[RECORDS FOR THIS EXERCISE]:

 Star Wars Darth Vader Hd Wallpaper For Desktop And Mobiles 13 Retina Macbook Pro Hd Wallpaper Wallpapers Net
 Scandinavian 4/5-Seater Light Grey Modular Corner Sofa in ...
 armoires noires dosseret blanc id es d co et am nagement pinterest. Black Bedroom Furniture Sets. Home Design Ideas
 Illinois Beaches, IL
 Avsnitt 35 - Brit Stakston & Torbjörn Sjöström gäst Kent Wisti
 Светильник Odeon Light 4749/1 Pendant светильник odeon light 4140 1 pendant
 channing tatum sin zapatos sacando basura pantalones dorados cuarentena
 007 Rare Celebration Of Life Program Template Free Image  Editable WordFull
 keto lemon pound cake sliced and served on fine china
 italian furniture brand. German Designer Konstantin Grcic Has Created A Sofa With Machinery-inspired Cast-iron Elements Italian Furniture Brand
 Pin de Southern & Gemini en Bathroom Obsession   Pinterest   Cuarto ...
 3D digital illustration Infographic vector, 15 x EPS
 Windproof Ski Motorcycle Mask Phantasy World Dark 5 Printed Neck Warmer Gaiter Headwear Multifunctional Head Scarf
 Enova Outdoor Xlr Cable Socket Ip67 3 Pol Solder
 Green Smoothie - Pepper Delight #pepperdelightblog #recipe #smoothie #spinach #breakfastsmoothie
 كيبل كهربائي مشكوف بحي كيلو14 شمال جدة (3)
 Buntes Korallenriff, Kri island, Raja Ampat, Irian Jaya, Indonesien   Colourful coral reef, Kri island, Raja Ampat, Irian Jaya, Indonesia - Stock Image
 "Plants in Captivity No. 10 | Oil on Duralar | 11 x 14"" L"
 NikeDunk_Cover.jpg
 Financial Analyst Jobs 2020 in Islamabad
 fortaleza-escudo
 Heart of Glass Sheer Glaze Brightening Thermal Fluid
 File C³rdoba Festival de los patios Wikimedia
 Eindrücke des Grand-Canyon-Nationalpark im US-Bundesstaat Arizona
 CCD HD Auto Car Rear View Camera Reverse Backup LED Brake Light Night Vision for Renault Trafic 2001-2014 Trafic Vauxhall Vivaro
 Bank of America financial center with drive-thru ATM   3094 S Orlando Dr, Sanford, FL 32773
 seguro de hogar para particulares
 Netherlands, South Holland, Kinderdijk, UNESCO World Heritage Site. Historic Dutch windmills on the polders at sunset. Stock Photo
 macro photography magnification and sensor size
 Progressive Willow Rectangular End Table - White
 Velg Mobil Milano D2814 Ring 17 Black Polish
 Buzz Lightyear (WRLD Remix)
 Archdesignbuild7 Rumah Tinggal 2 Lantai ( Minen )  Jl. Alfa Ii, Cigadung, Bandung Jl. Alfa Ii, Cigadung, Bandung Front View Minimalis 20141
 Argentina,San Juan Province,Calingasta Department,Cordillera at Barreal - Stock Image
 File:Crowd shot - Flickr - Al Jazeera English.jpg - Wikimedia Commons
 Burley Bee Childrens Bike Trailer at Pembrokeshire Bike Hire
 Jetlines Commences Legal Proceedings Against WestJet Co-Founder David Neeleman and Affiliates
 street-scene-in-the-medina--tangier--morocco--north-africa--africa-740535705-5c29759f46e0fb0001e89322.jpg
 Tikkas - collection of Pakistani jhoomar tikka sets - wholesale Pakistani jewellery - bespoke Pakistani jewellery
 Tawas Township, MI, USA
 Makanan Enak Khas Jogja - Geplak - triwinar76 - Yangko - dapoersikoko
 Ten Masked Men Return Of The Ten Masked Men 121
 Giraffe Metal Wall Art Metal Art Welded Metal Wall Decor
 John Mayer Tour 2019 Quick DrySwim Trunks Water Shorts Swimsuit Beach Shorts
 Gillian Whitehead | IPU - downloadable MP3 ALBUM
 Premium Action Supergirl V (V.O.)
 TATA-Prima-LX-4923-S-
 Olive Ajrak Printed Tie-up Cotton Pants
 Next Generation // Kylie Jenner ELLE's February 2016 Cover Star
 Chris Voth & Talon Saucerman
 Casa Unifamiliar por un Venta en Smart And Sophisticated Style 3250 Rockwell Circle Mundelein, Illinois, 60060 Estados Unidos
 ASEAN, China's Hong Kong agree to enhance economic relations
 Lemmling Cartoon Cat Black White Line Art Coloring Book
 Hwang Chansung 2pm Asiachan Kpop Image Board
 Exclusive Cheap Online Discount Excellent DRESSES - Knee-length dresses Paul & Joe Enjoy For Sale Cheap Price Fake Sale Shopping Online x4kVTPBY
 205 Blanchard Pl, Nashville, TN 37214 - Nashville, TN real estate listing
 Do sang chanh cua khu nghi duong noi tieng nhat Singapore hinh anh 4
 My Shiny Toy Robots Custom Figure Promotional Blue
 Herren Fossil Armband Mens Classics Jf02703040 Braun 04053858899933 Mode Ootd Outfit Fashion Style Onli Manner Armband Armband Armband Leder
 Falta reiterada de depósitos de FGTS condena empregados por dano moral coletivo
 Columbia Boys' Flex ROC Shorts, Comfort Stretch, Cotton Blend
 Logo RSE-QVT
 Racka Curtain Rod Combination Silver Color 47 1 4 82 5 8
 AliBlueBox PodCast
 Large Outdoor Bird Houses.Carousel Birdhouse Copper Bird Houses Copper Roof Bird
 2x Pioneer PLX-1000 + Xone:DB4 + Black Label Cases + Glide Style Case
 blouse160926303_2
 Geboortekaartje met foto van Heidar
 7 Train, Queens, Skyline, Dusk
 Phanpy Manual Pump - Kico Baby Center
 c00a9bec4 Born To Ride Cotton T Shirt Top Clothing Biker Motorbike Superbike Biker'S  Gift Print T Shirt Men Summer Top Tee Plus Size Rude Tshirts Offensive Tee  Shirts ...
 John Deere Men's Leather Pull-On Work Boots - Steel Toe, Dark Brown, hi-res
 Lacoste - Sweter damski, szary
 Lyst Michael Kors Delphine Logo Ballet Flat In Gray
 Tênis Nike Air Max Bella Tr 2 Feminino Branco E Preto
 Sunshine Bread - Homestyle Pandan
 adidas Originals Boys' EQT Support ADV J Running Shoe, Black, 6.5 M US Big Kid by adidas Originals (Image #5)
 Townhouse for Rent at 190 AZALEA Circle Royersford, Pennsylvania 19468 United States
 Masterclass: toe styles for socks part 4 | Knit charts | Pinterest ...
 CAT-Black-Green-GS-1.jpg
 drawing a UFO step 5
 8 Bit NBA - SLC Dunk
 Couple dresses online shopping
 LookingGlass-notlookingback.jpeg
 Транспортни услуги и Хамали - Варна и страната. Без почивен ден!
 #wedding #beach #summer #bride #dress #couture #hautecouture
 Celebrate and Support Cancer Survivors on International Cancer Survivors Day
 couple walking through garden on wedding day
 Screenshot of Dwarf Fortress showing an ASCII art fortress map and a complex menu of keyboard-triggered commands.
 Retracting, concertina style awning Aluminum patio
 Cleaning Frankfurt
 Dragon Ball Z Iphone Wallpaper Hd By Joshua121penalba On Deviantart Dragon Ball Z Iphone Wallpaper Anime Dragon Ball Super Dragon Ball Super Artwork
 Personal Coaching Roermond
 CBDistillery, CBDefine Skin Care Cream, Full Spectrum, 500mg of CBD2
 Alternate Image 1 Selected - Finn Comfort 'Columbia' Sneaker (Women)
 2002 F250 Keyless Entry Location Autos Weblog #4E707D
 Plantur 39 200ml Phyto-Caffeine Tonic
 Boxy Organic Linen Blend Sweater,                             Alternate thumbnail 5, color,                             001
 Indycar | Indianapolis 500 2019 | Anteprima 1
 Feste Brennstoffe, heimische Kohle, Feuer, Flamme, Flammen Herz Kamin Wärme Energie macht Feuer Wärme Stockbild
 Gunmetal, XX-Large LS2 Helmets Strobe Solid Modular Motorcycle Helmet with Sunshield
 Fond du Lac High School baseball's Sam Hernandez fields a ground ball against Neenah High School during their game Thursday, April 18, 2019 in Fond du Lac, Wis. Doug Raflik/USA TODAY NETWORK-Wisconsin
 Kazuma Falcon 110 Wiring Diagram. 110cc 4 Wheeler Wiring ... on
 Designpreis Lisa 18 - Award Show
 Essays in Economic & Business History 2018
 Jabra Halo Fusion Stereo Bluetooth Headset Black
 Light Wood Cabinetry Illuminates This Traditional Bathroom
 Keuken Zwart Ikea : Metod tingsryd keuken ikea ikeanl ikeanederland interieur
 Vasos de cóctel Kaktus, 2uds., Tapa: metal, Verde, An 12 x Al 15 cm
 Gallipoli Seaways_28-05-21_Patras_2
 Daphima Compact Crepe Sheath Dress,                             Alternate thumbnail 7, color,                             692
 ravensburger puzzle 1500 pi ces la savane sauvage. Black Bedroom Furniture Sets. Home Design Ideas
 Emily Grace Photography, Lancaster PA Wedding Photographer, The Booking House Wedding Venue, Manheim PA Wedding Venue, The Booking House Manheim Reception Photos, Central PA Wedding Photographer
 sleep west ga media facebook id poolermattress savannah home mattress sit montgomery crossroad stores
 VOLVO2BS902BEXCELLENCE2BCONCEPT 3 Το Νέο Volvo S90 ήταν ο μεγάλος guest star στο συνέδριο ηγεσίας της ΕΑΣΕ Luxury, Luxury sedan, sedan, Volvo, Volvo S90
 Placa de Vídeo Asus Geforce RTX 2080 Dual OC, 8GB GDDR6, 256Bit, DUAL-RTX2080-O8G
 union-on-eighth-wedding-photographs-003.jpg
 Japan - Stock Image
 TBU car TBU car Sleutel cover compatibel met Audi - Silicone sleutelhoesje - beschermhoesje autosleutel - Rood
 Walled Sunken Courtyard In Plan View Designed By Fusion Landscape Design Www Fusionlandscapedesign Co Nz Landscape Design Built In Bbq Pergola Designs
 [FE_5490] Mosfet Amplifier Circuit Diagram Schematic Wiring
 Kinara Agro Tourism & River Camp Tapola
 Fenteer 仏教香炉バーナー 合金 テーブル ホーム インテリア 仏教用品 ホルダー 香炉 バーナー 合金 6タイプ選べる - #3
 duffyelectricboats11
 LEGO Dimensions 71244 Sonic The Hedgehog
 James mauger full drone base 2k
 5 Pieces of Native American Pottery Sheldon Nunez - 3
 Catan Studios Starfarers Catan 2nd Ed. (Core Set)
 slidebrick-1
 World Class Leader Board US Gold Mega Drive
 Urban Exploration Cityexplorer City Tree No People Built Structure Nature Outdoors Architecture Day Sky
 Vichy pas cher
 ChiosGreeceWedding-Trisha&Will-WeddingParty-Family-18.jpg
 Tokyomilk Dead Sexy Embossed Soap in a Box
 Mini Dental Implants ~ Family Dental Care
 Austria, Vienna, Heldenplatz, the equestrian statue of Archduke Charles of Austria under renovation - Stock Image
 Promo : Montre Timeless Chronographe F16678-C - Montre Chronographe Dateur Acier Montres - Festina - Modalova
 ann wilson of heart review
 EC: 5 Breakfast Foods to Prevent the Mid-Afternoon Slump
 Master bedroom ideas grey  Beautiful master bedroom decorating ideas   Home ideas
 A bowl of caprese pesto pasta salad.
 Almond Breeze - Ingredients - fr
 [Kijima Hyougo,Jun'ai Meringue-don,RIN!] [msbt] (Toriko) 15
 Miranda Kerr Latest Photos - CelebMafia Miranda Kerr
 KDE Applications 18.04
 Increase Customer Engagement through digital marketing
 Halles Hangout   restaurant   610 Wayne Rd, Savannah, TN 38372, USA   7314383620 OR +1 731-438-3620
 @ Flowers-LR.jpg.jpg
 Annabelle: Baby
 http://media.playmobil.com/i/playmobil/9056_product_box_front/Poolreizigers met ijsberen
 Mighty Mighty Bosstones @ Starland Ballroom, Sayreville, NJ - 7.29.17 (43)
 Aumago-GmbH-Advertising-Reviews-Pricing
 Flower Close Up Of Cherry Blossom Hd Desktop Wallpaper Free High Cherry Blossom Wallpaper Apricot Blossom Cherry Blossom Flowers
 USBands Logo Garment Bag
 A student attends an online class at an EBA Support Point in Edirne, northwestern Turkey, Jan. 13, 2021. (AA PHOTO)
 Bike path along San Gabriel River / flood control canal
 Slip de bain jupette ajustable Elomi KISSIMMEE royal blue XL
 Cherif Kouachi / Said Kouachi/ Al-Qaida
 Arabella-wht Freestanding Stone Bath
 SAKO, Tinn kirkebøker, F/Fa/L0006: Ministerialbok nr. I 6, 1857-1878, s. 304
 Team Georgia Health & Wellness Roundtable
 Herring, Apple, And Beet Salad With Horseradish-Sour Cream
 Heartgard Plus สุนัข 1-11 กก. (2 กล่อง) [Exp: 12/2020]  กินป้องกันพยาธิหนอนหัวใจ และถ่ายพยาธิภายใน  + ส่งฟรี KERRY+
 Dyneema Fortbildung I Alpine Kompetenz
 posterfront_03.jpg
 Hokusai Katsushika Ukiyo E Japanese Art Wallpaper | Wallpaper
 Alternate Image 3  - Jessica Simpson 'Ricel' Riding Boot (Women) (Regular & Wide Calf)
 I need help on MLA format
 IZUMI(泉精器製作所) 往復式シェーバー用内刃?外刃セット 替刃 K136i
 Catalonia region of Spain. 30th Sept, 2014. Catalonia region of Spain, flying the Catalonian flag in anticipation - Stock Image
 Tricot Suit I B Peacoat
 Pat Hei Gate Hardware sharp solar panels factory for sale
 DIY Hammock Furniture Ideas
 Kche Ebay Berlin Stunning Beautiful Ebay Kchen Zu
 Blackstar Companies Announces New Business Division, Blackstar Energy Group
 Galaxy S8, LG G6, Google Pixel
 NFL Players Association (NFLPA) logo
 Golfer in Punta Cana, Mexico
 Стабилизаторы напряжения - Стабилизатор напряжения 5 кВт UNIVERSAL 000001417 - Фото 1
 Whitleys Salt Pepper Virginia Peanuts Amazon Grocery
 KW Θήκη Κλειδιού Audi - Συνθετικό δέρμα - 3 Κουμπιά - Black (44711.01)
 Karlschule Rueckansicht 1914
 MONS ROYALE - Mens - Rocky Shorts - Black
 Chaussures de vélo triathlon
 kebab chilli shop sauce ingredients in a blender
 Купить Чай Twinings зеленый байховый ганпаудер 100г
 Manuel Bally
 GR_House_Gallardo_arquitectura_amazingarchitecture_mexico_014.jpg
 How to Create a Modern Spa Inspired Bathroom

[WHAT THIS TASK INVOLVES]: All that is wanted is a faithful reproduction of the line above with "Retracting, concertina style", the line with "Indycar | Indianapolis", and every line in between.

[SOLUTION]:
 Retracting, concertina style awning Aluminum patio
 Cleaning Frankfurt
 Dragon Ball Z Iphone Wallpaper Hd By Joshua121penalba On Deviantart Dragon Ball Z Iphone Wallpaper Anime Dragon Ball Super Dragon Ball Super Artwork
 Personal Coaching Roermond
 CBDistillery, CBDefine Skin Care Cream, Full Spectrum, 500mg of CBD2
 Alternate Image 1 Selected - Finn Comfort 'Columbia' Sneaker (Women)
 2002 F250 Keyless Entry Location Autos Weblog #4E707D
 Plantur 39 200ml Phyto-Caffeine Tonic
 Boxy Organic Linen Blend Sweater,                             Alternate thumbnail 5, color,                             001
 Indycar | Indianapolis 500 2019 | Anteprima 1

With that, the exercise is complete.